In today’s episode of “AI Is Why We Can’t Have Nice Things,” we feature the Hertz Corporation and its new AI-powered rental car damage scanners. Gone are the days when an overworked human in a snappy windbreaker would give your rental return a once-over with the old Mark Ones to make sure you hadn’t messed the car up too badly. Instead, Hertz is fielding up to 100 of these “MRI scanners for cars.” The “damage discovery tool” uses cameras to capture images of the car and compares them to a model that’s apparently been trained on nothing but showroom cars. Redditors who’ve had the displeasure of being subjected to this thing report being charged egregiously high damage fees for non-existent damage.
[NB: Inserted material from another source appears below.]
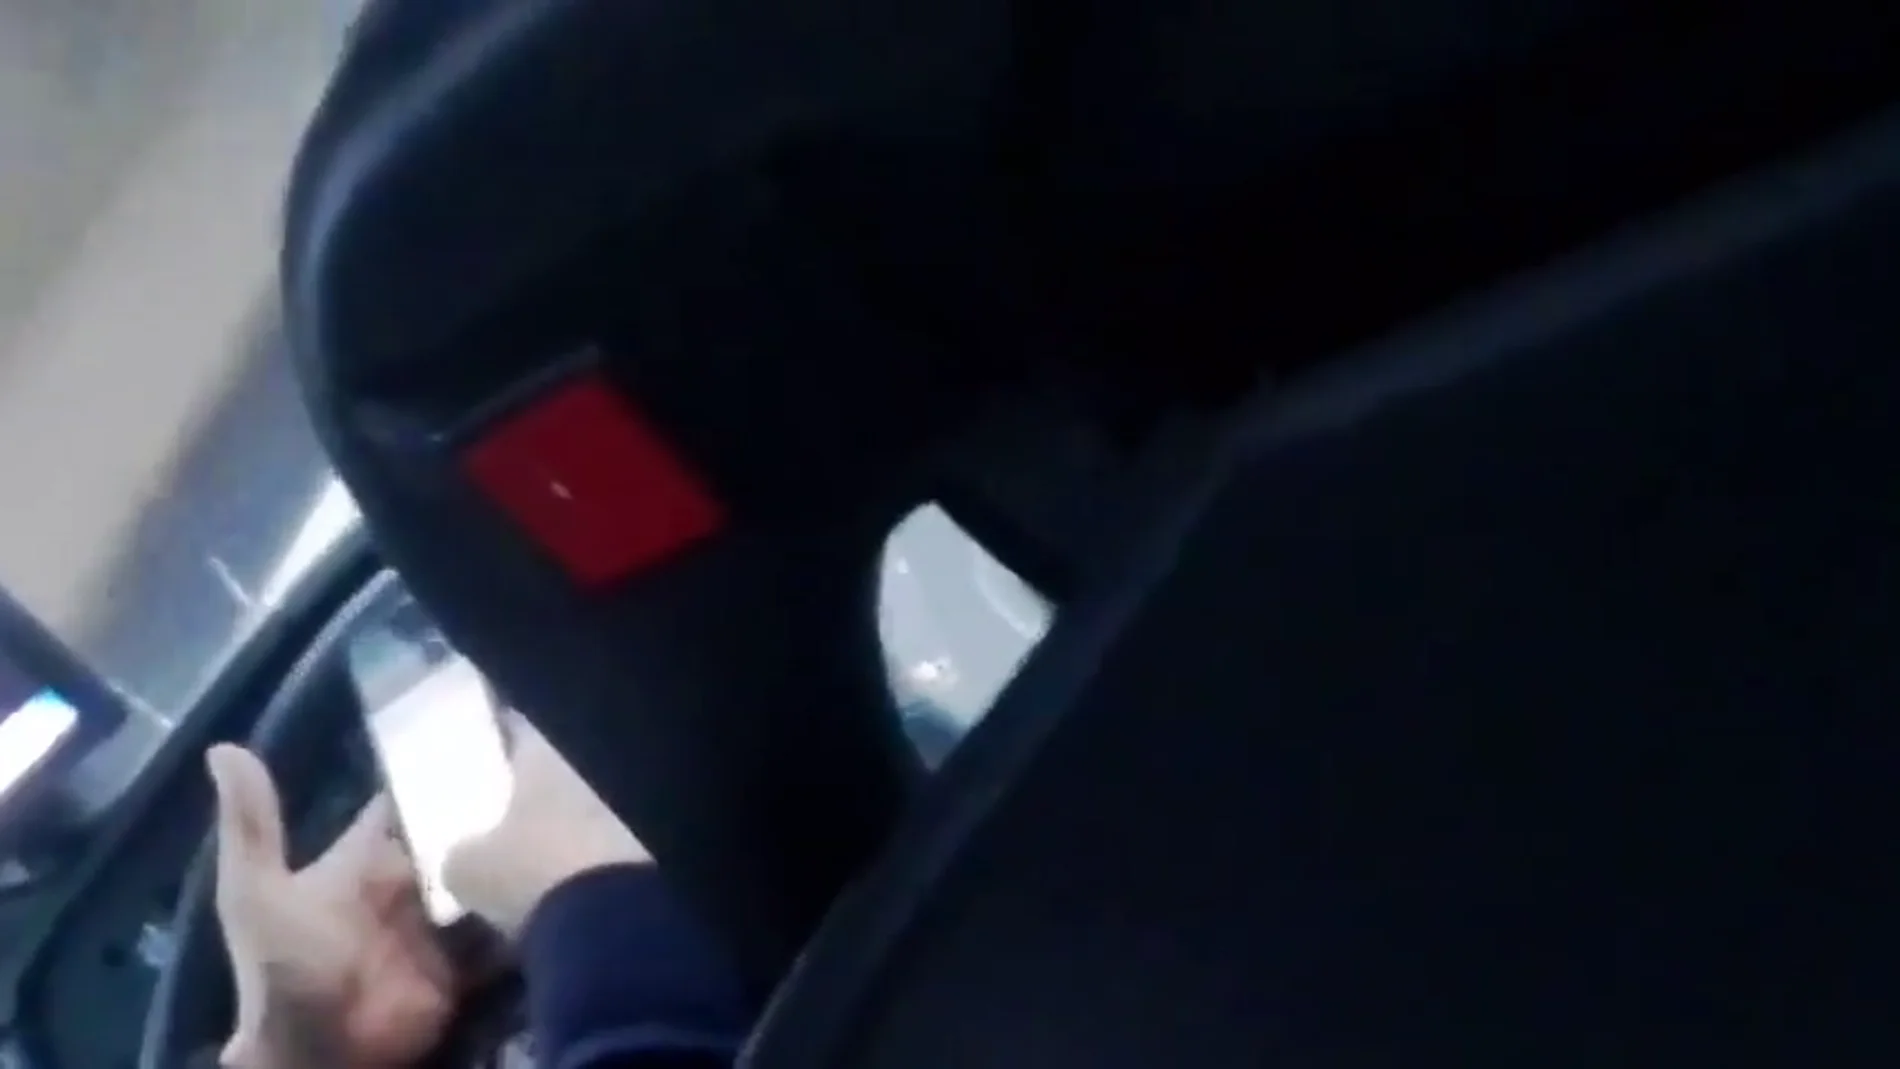 Expedientan al conductor de un autobús de Barcelona por conducir mientras miraba el móvil con las dos manos

To add insult to injury, if renters want to appeal those charges, they have to argue with a chatbot first, one that offers no path to speaking with a human. While this is likely to be quite a tidy profit center for Hertz, their customers still have a vote here, and backlash will likely lead the company to adjust the model to be a bit more lenient, if not outright scrapping the system.
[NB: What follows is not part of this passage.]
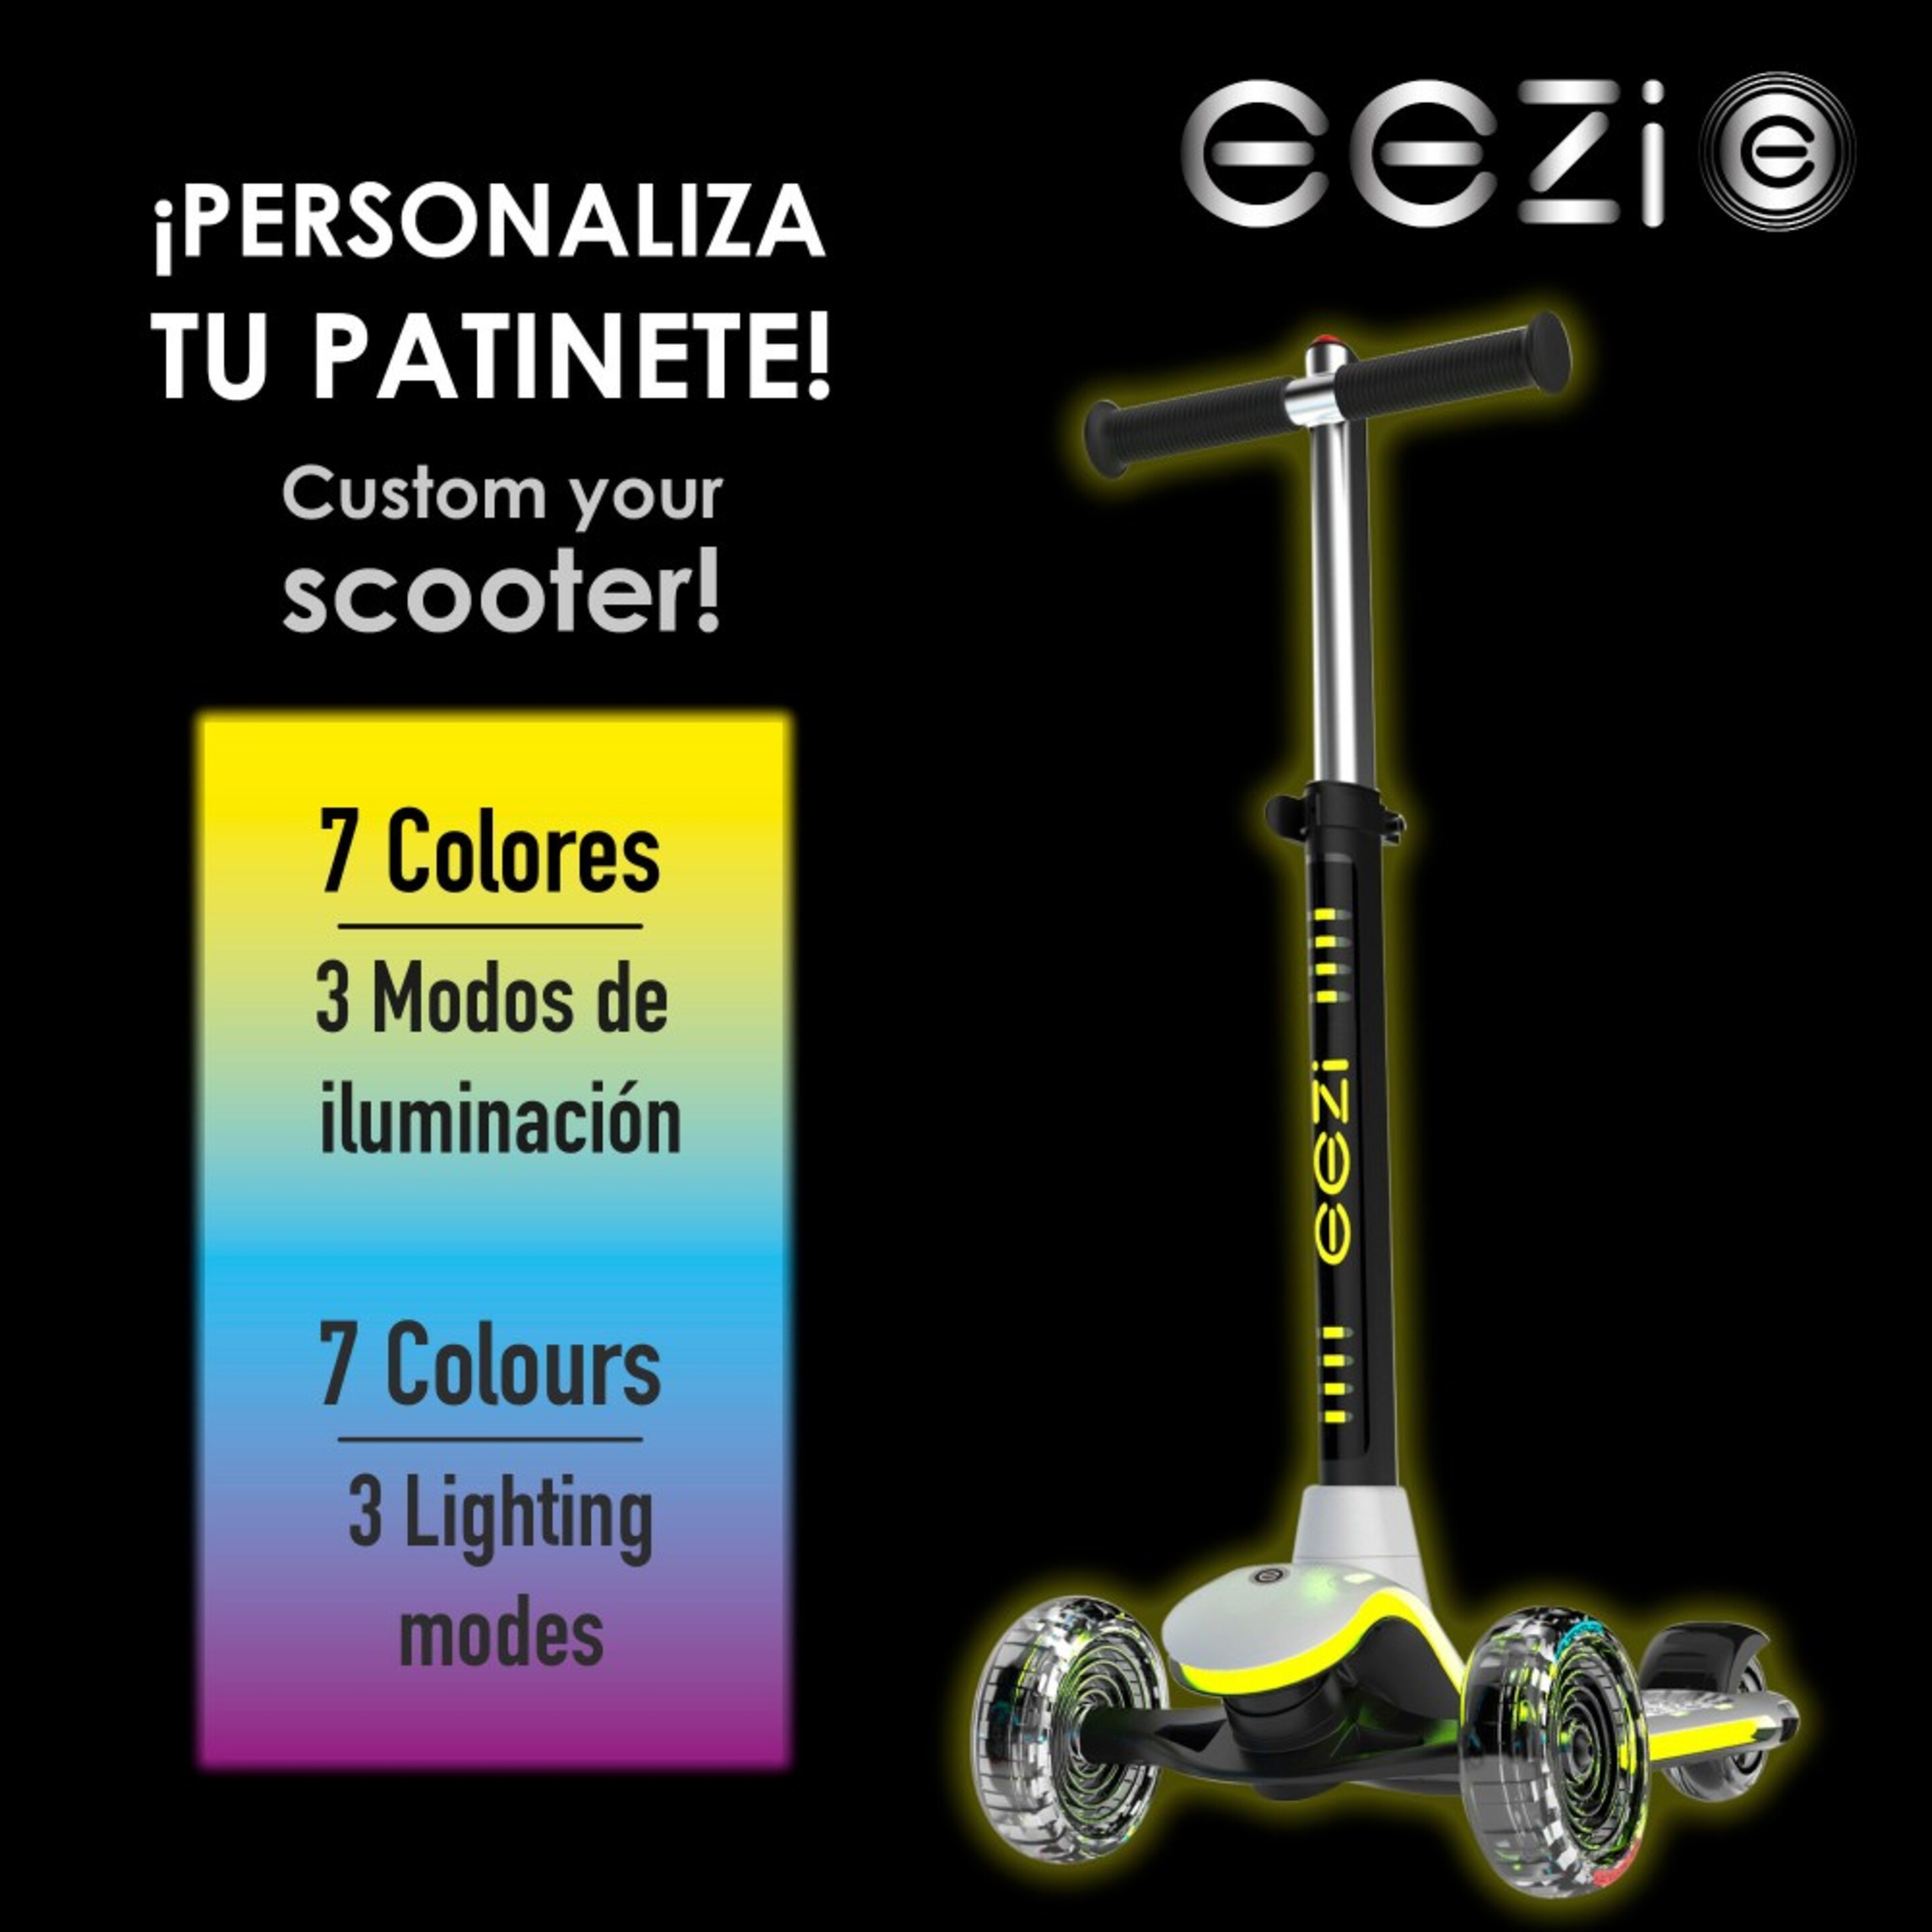 Patinete 3 Ruedas Con Luces Multicolor Personalizables Eezi - Blanco  MKP

Have you ever picked up a flashlight and tried to shine it through your hand? You probably have; it’s just a thing you do, like the “double tap” every time you pick up a power drill. We’ve yet to find a flashlight bright enough to sufficiently outline the bones in our palm, although we’ve had some luck looking through the flesh of our fingers. While that’s pretty cool, it’s quite a bit different from shining a light directly through a human head, which was recently accomplished for the first time at the University of Glasgow. The researchers blasted a powerful pulsed laser against the skull of a volunteer with “fair skin and no hair” and managed to pick up a few photons on the other side, despite an attenuation factor of about 10¹⁸. We haven’t read the paper yet, so it’s unclear if the researchers controlled for the possibility of the flesh on the volunteer’s skull acting like a light pipe and conducting the light around the skull rather than through it, but if the laser did indeed penetrate the skull and everything within it, it’s pretty cool. Why would you do this, especially when we already have powerful light sources that can easily penetrate the skull and create exquisitely detailed images of the internal structures? Why the hell wouldn’t you?!
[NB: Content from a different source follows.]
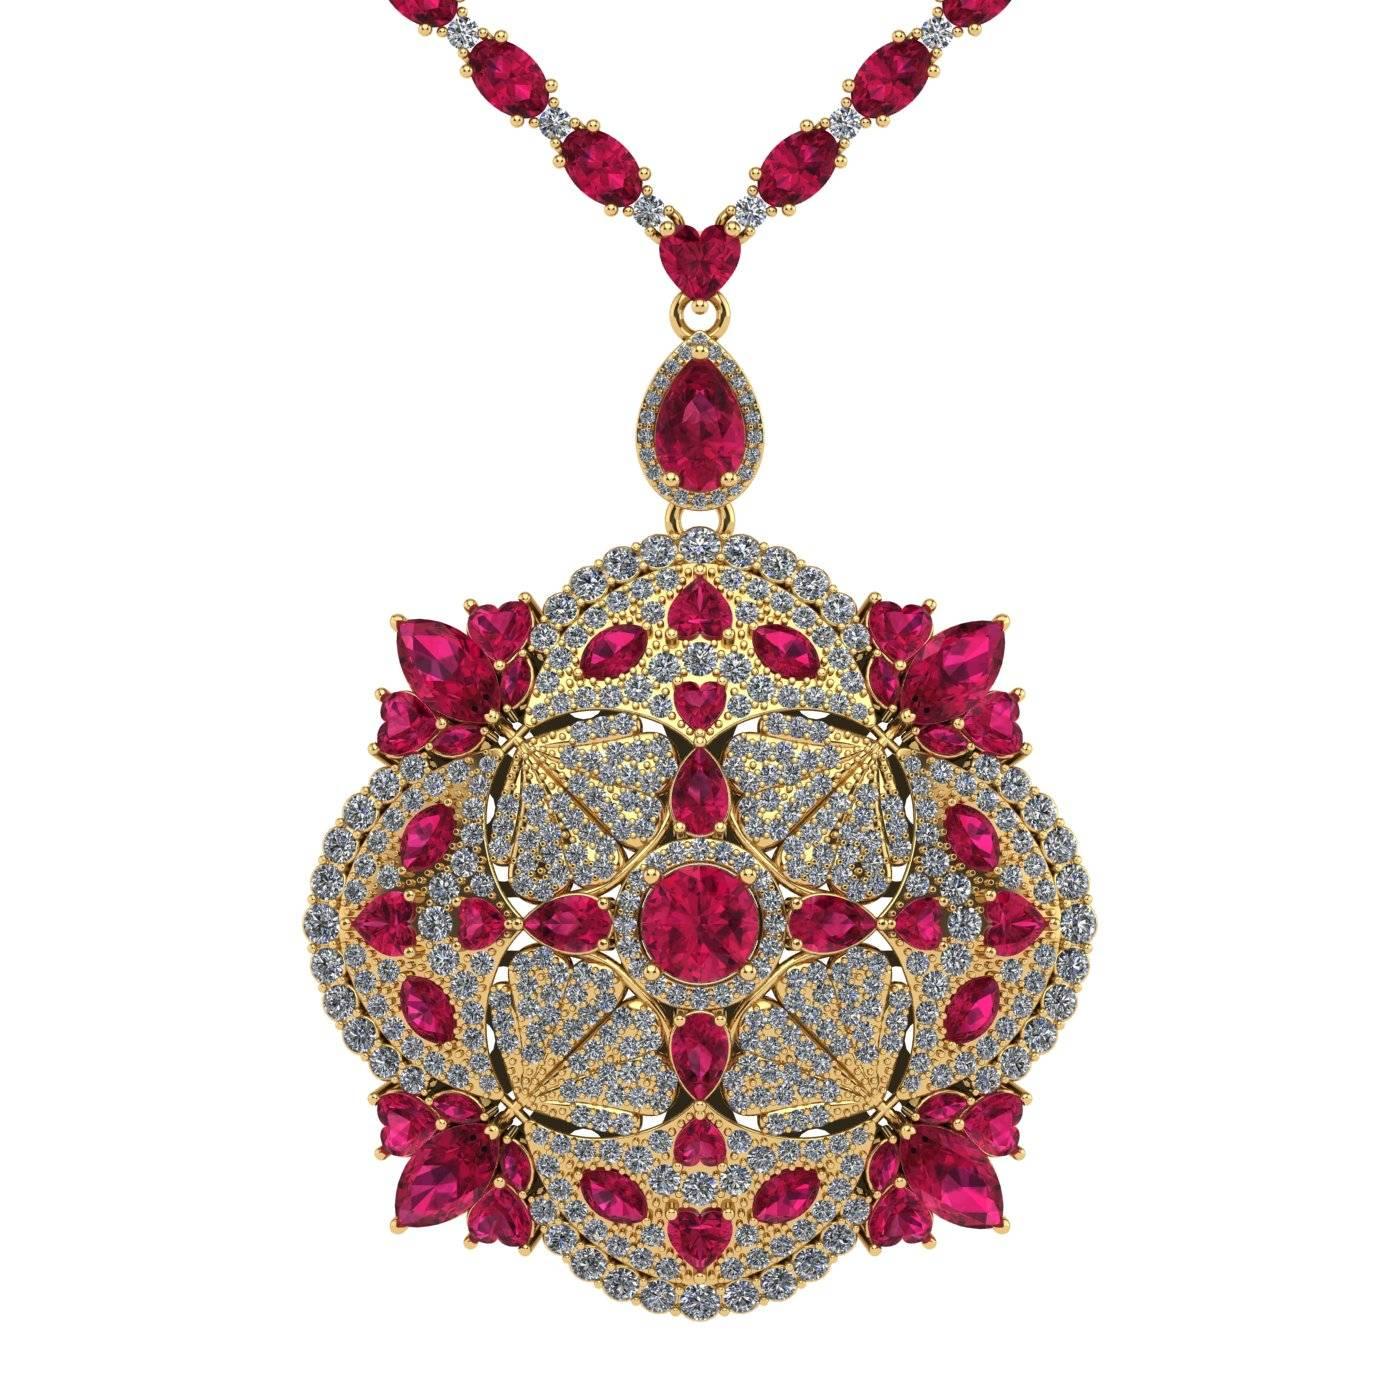 Collier de tennis contemporain à pendentif plume, en rubis et diamants, par Juliette Wooten

TIG welding aluminum is a tough process to master, and just getting to the point where you’ve got a weld you’re not too embarrassed of would be so much easier if you could just watch someone who knows what they’re doing. That’s a tall order, though, as the work area is literally a tiny pool of molten metal no more than a centimeter in diameter that’s bathed in an ultra-bright arc that’s throwing off cornea-destroying UV light. Luckily, Aaron over at 6061.com on YouTube has a fantastic new video featuring up-close and personal shots of him welding up some aluminum coupons. He captured them with a Helios high-speed welding camera, and the detail is fantastic. You can watch the weld pool forming and see the cleaning action of the AC waveform clearly. The shots make it clear exactly where and when you should dip your filler rod into the pool, the effect of moving the torch smoothly and evenly, and how contaminants can find their way into your welds. The shots make it clear what a dynamic environment the weld pool is, and why it’s so hard to control.

And finally, the title may be provocative, but “The Sensual Wrench” is a must-see video for anyone even remotely interested in tools. It’s from the New Mind channel on YouTube, and it covers the complete history of wrenches. Our biggest surprise was learning how relatively recent an invention the wrench is; it didn’t really make an appearance in anything like its modern form until the 1800s. The video covers everything from the first adjustable wrenches, including the classic “monkey” and “Crescent” patterns, through socket wrenches with all their various elaborations, right through to impact wrenches. Check it out and get you ugga-dugga on.